Advisors who supervise academic coaching or tutoring programs, facilitate Supplemental Instruction, train TAs, or teach study skills courses will find this book particularly relevant to their daily work, and likely identify concrete learning strategies that can be easily integrated into their existing practice. The book is also highly applicable to advisors who work with STEM students in negative academic standing, as the authors use basic brain science (i.e. repetition develops stronger neuropathways which leads to greater understanding and long-term memory) to encourage students in the study of challenging STEM concepts.

Throughout the book, readers will find concrete learning strategies that can be introduced to students such as the positive impact of simulating the testing environment during exam preparation to improve retention and retrieval of information (pg. 131).
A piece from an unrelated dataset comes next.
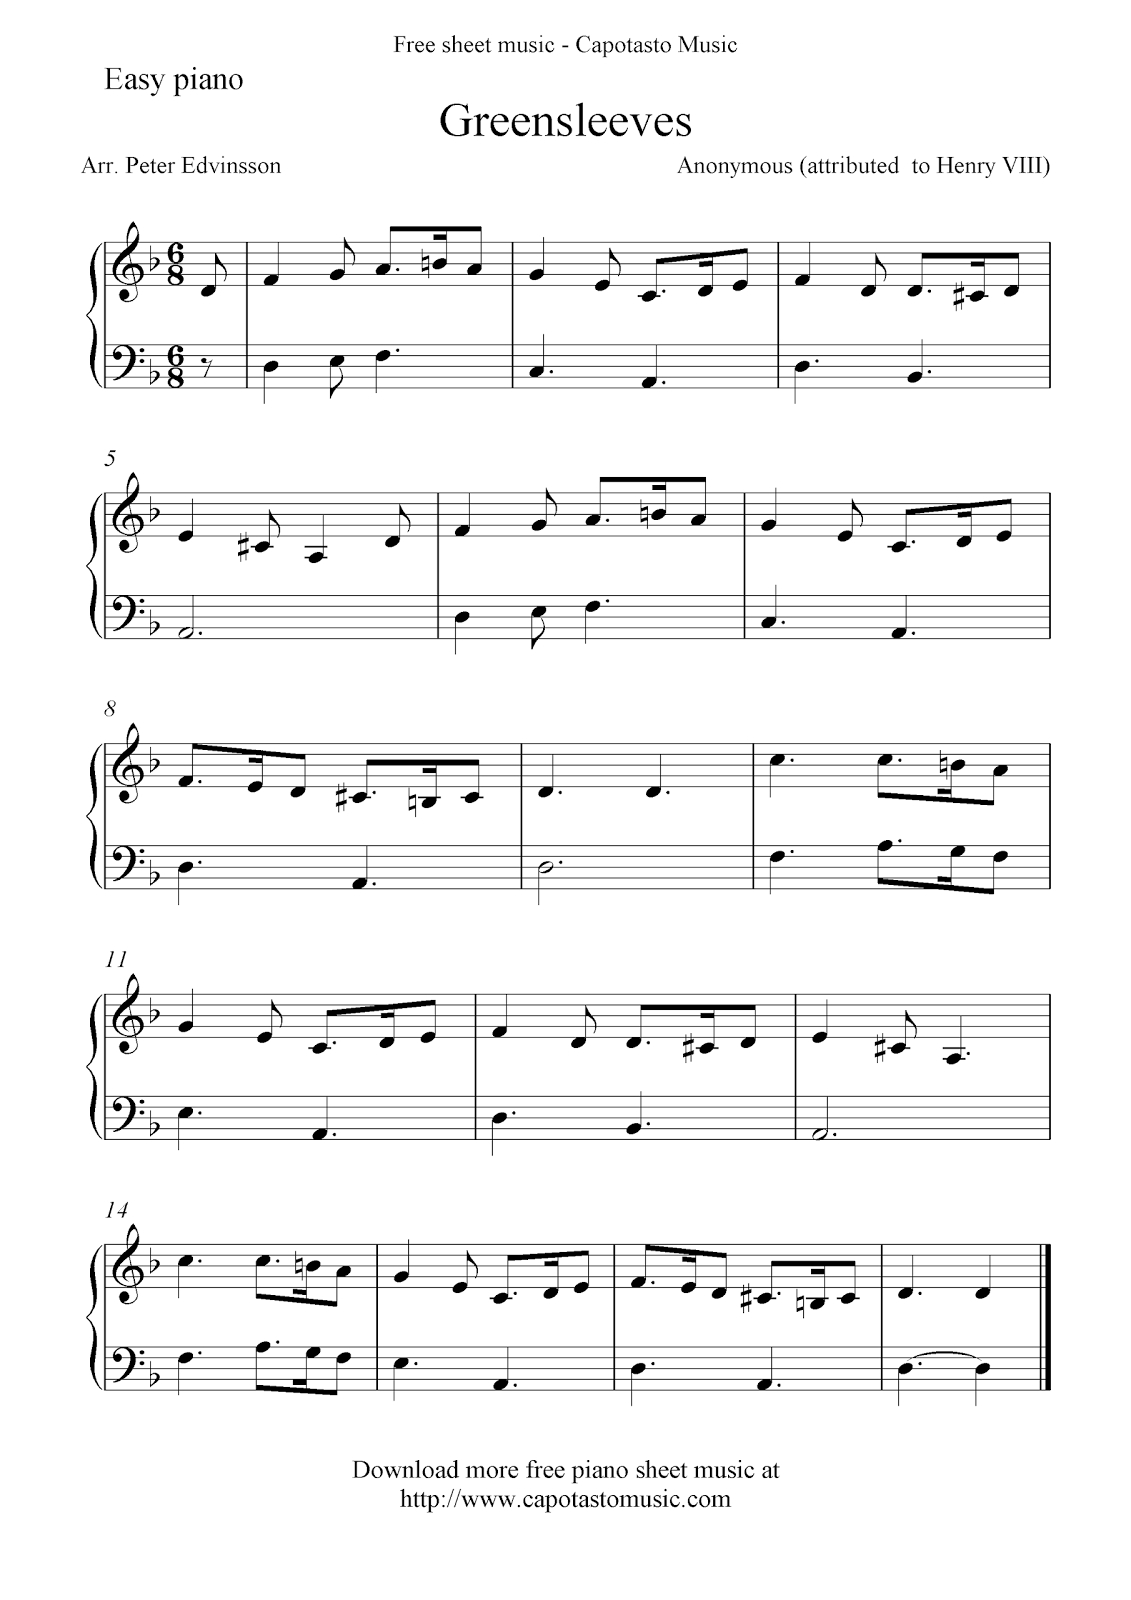 Free Sheet Music Scores: Free #piano Sheet Music Notes, Greensleeves - Free Printable Sheet Music For Piano

Other concepts, such as problem based learning, will have limited application and primarily benefit advisors who teach technical courses.

Tremendous attention is placed on the value of collaborative or group learning to improve cognition; however, the authors fail to discuss the way in which students with specific learning disabilities, such as autism spectrum, experience this pedagogical approach. The book lacks discussion about how instructors might differentiate learning to meet the needs of unique student populations. Advisors will therefore need to keep these student populations in mind when implementing strategies recommended by the authors.

Advisors seeking to increase their toolkit of STEM learning strategies will find this book to be a compilation of practical approaches that can be implemented in a traditional advising appointment, workshop setting, or classroom environment. This book could also serve as an excellent vehicle by which to connect STEM faculty and professional advisors with one another through a common read event, and create a platform for improving student success on a broad scale.